Like Vauchez’ monograph, this volume is an excellent example of the innovative potential of European integration research and its relevance for other fields.Footnote 22 Also beyond European integration, research in contemporary history has long ignored the role of law. Thanks to its conceptual sophistication and its important empirical findings, European integration history now has quite a bit to offer for scholars with other specializations. For this reason, experts of national politics, transnational movements, and other branches of international history might find this line of research inspiring.

To summarize: chronologically, research with a focus on institutional developments and the politics of creating a European polity has recently moved into the 1970s and 1980s, in line with the opening of state archives. With regard to their weight, diplomatic history no longer dominates the whole field, and especially the new interest in the role of law has led to a lot of innovation. Some studies, such as Grob-Fitzgibbon’s, create links to other historical concerns, such as the history of empire and decolonization, adding urgency to the field. This point will be picked up again later; still, it should have become clear that the field is moving in very interesting new directions.
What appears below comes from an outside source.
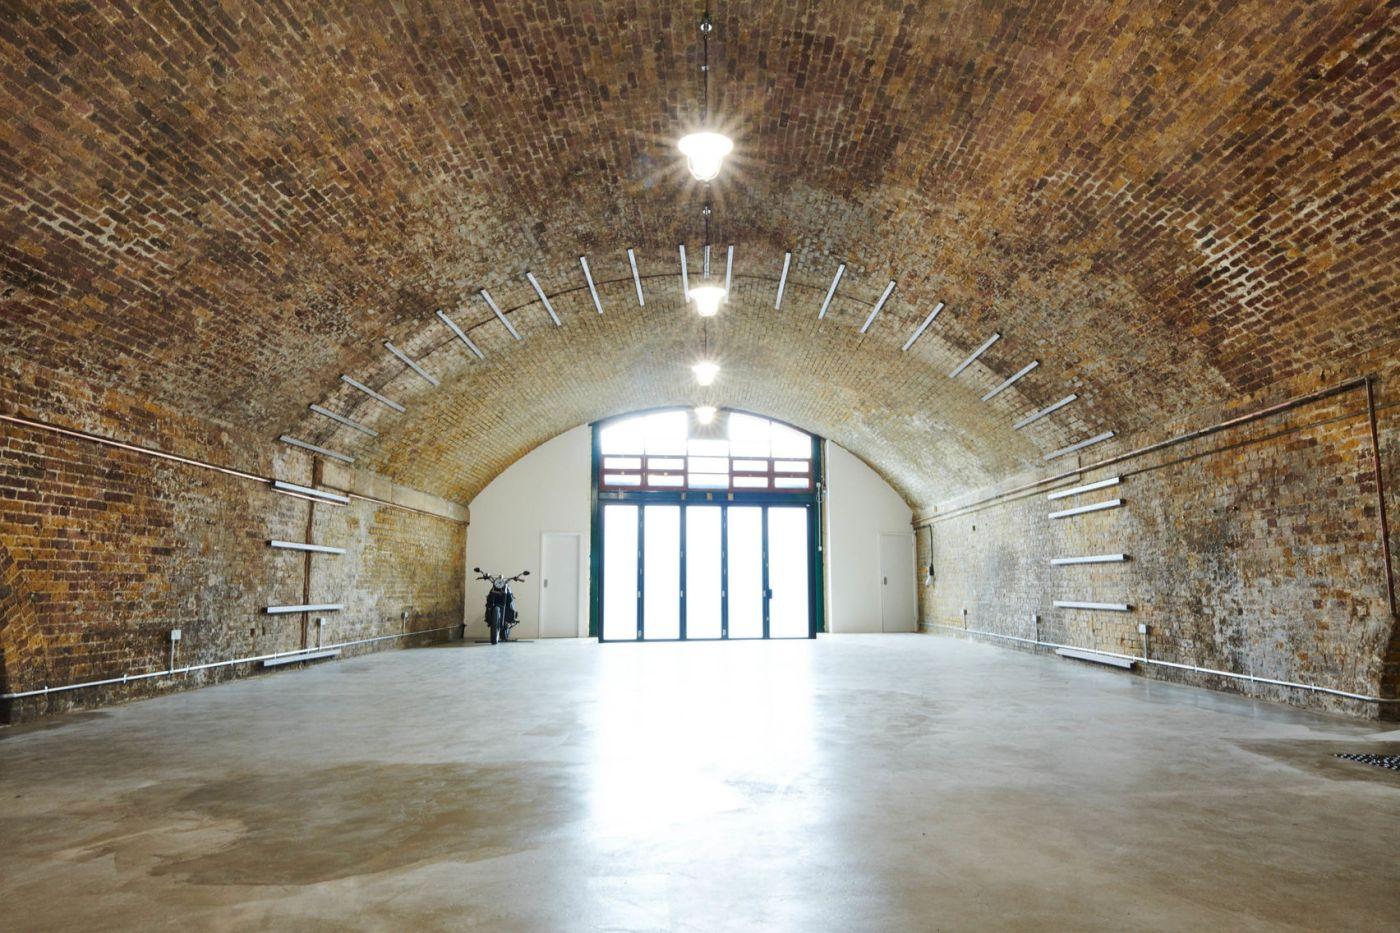 A large urban archway venue

2 The common market and beyond: policy fields and their relation to the economic and social history of Europe

Beyond polity and politics, recent years have also seen important advances in analyzing key policies associated with European integration. A particularly important book in the field of European policies and their economic ramifications is Laurent Warlouzet’s Governing Europe in a Globalizing World, an examination of how Western European governments coped with the challenges of globalization in the years from 1973 to 1986. Warlouzet argues that the reactions to the crises of the 1970s in the fields of economic policy were fraught with conflict, and that France, West Germany, and the United Kingdom (as the main foci of the book) did not see the EC as the obvious platform to regulate globalization. Nor was neoliberalism the obvious choice at the level of approach. Instead, Warlouzet underscores that the creation of the Single Market in the second half of the 1980s was the result of intense learning processes and an attrition of alternatives, ultimately leading to two choices. For one, it cleared the way for a more neoliberal course instead of its Keynesian and other alternatives at the level of economic policy. The other argument deals with the central forum to which these policy choices were directed. Accordingly, the three states ultimately opted for closer integration under the banner of the EC, but only after having tried out a more nation-centered approach as well as other forums such as GATT and the OECD.Footnote 23

Warlouzet has written a fascinating and highly important book that stresses the openness of developments and that the EC’s central position for Western Europe’s international economic and social policies was by no means a given. This only becomes clear thanks to the book’s methodological sophistication which combines a multi-perspective analysis of several states with an assessment of the EC and its contenders at the international level. The research is steeped in literature by political scientists and inspired by historical institutionalism which helps to keep the analysis compact and consistent despite the broad contextualization it offers. Of course, there is a price for this breadth: the book focuses on the tier of top political decision-makers in the three wealthiest Western European states only. However, this price is very acceptable in light of what is gained, most importantly because the approach allows Warlouzet to avoid the teleological trap of seeing the EC as the obvious forum for economic governance. Beyond that, the book complicates the history of neoliberalism, thus contributing to another rising field of research in contemporary history.Footnote 24 Warlouzet’s Governing Europe in a Globalizing World therefore speaks to debates far beyond the confines of European integration history, and one can only wish it many readers.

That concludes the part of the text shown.